Le projet Dialogue a commencé comme une réflection autour de la téléprésence. Imaginant comment adapater au plateau le scénario du film "Dialogue" de Marguerite Duras, qui développe l'histoire de deux personnages alors qu'ils ne partagent pas le même espace, Daniel Pinheiro, Andrea Messana et Nerina Cocchi essaient d'imaginer comment (et pourquoi) développer un projet joué à distance. Après une première résidence à Bruxelles en 2014, notre réflexion s'est révélée plus une expérience dans l'utilisation de l'environnement [en réseau] comme façon pour nous, trois artistes géographiquement lointains, de continuer à travailler sur le long terme.
Une première étape de travail a été la résidence de recherche "Laboratoire #2 Web-Act" à la Fabrique Autonome des Acteurs - FAA (France) en août 2016. Avec Daria Lippi et Juliette Salmon de la FAA, Andrea Santini et Francesca Sarah Toich de UBIK Teatro, et, à distance, Constança Carvalho Homem depuis le Portugal et Lisa Parra depuis New York, nous avons exploré des possibilités d'interaction en réseau à travers des épisodes de fiction, et fait des expériences de téléprésence comme outil dramaturgique et scénographique. Cette recherche a culminé avec une présentation qui connectait non seulement différents espaces à Bataville, mais aussi des artistes externes. Ce travail a contribué à développer une compréhension du potentiel de la téléprésence comme outil pour intégrer des éléments externes en live à une narration liée à un lieu spécifique.
En juillet 2017, Daniel et Nerina ont reçu une carte blanche pour un duo en téléprésence lors du Festival de la FAA “La chasse aux acteurs.” A travers une interaction à distance (Nerina était physiquement à Bataville et Daniel à Porto), nous avons composé une partition autour de la douleur de la séparation alors que les choix de vie amènent un couple en des directions opposées. Avec un écran d'iPad comme outil pour matérialiser l'absence du corps de l'autre, la partition était composée d'un chant (“Goodbye My Love”), d'un extrait de “La longue route” de Bernard Moitessier, en portugais, et un jeu sur les regards que l'on porte les uns sur les autres.
En mars 2018, cette forme a été ultérieurement développée lors d'une présentation au Global Salon de Smith College (Northampton, MA, US). Daniel était connecté depuis Montréal, dans le cadre de sa recherche avec l'Université de Montréal. Inspiré de la pièce “Lampedusa Beach” de Lina Prosa, les spectateurs portant des lunettes étaient amenés à les laver avec de l'eau avant d'entrer dans l'espace de jeu. Tous les autres entraient en contact avec Daniel, qui leur posait des questions autout de leurs origines. Intégrant un jeu de miroir dans l'utilisation de l'écran, nous avons mis en évidence l'idée de distance comme mouvement entre espaces, joué avec la façon de raconter le fait de ne pas être "chez soi".
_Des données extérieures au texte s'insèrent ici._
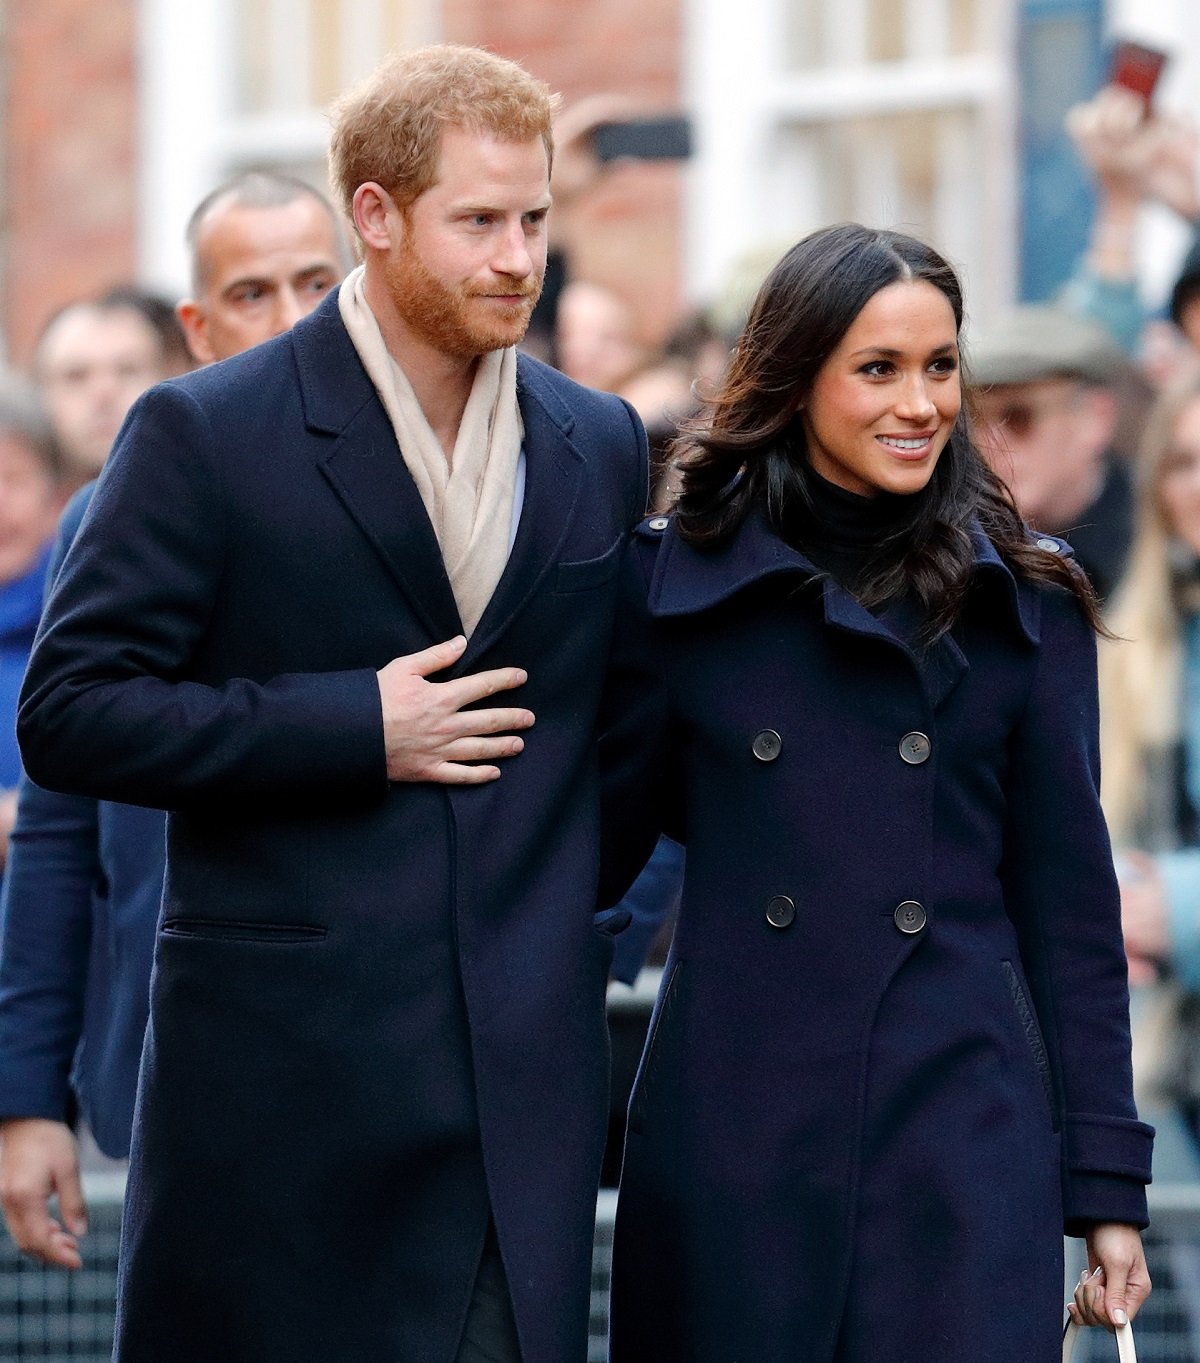 Prince Harry and Meghan Markle attend a Terrence Higgins Trust World AIDS Day charity fair at Nottingham Contemporary on December 1, 2017 in Nottingham, England.
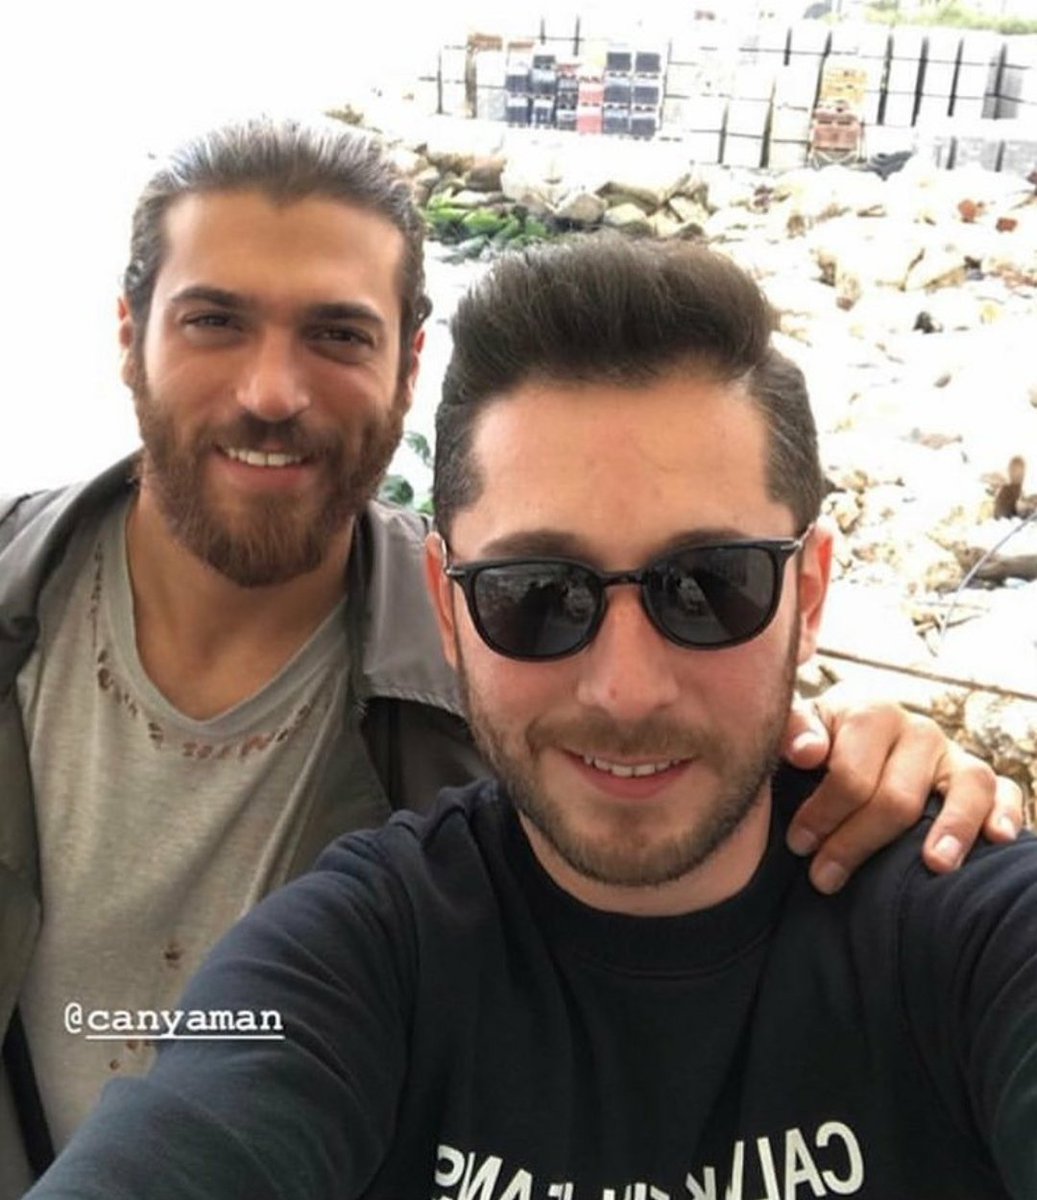 Burak is such a good friend, he travelled with Can and had the opportunity to be with him in such a special moment while they received a worldwide prize   #CanYaman  #DemetÖzdemir

Dialogue reste une référence pour nous : ce projet nous a amenés à regrouper des outils de travail, à définir des principes ainsi qu'un code de communication partagés, qui nous guident à travers notre collaboration artistique [à distance]. Ce travail continue à travers une exploration de l'intime, l'impermanence et la transformation dans notre nouveau projet Ad Nauseam.